Jupyter notebooks batch execution
Date: 05/10/2021
Author: Sébastien Gardoll
Keywords: cluster jupyter notebook batch nbconvert
Basic batch execution of notebooks
With Jupyter, comes a very interesting command: jupyter-nbconvert (see here for another kind of installation). This command allows the conversion of a notebook file (*.ipynb) into a python, pdf, html, latex, rst, etc. script and especially the execution of a notebook (for a list of all formats, type jupyter-nbconvert --help
).
The Nbconvert command is very interesting if you want to run a notebook as a batch job on the mesocenter clusters. Knowing that cluster job orchestrators only run scripts, nbconvert is a real deal: it saves you to manage a scripted version of your notebook, just for its execution on clusters (management that inevitably comes with update problems).

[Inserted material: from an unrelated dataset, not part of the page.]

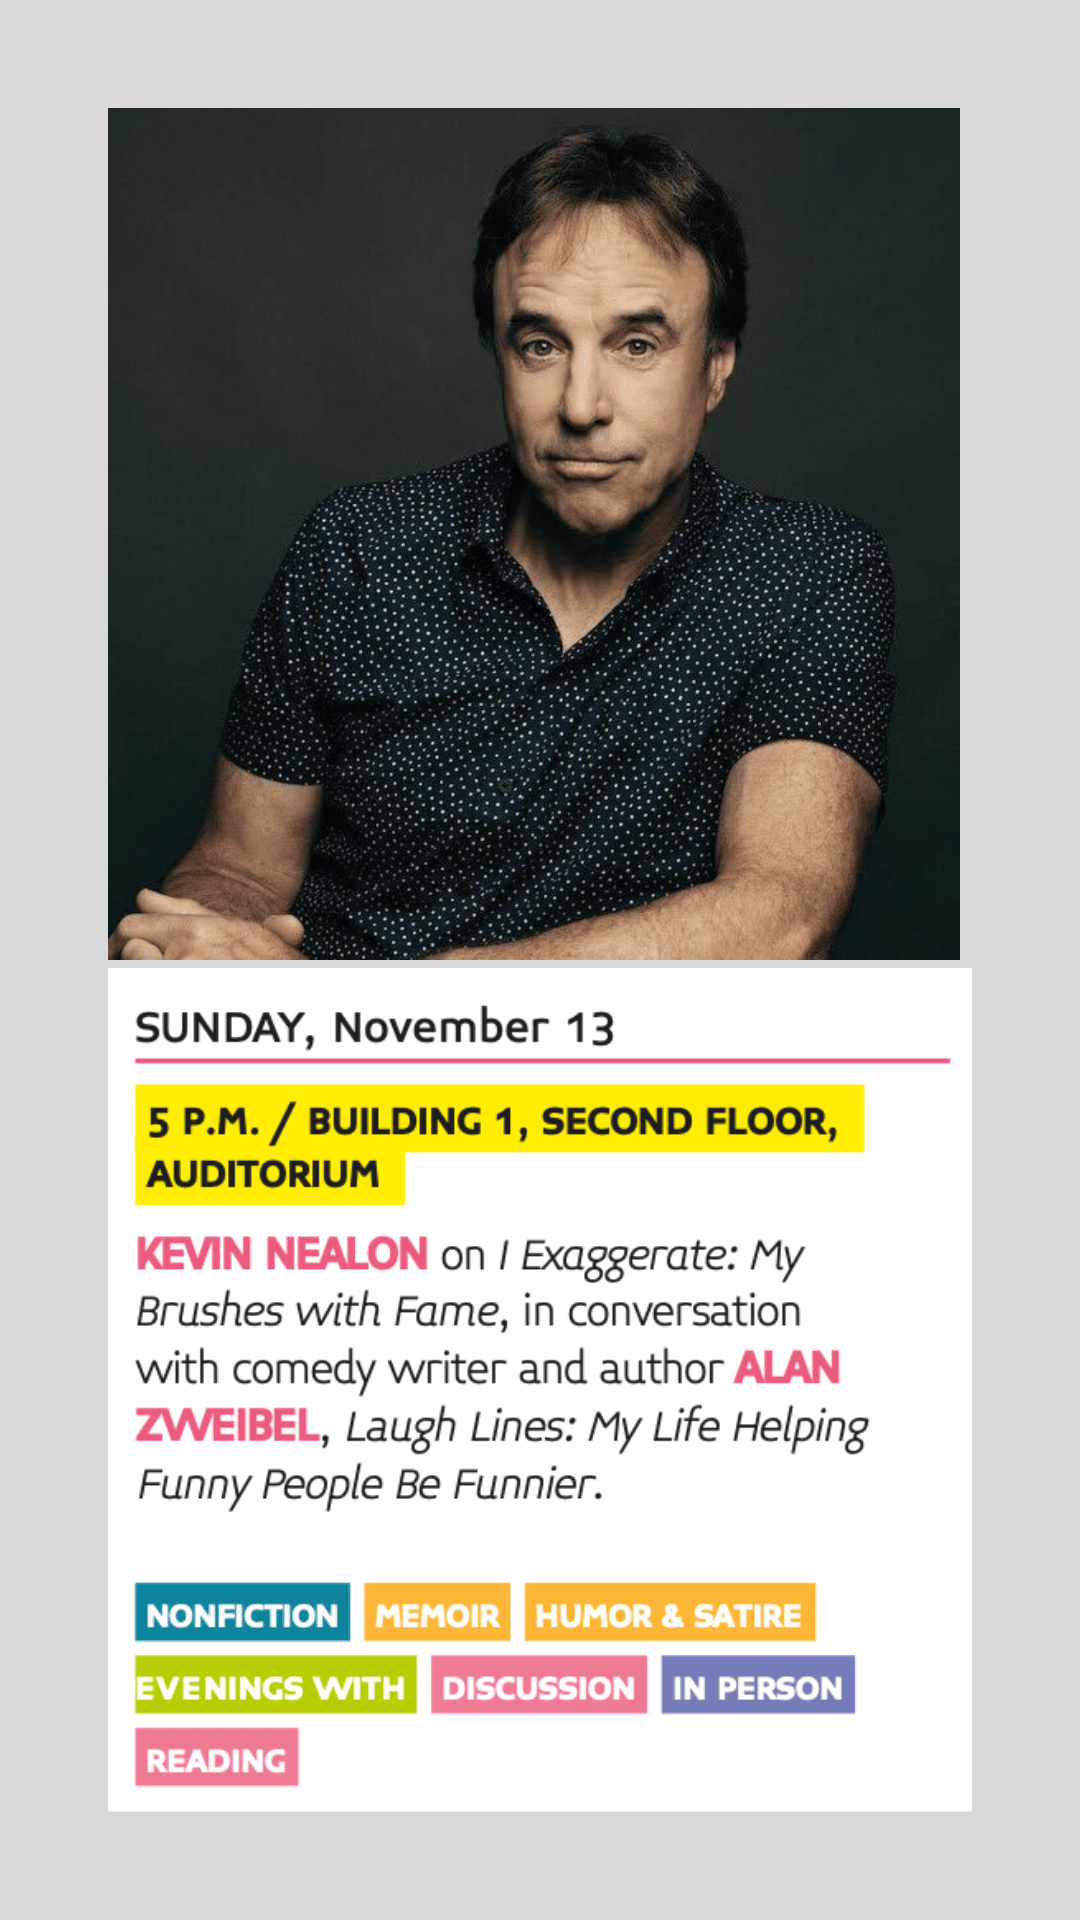 Miami Book Fair 2022 - Kevin Nealon: I exaggerate my brushes with fame

The command line is simple by default (for the options, visit this page and visit this page for the templating system). Assuming you have the command in your module environment, the example below runs the notebook named myfile.ipynb
and the result is saved in a file named myfile.nbconvert.ipynb
. More information at this page.
jupyter-nbconvert --to notebook --ExecutePreprocessor.timeout=-1 --execute myfile.ipynb
All you have to do, is to integrate this command line into a bootstrap Bash script and submit it as a batch job to the cluster scheduler.
Info
The option --ExecutePreprocessor.timeout=-1
disables the cell execution timeout whose default value is 30 seconds.
Info
If you want the result to be saved directly in the notebook, add the --clear-output
option. But it is strongly recommended to use the --inplace
option instead to avoid mixing the result with the previous one.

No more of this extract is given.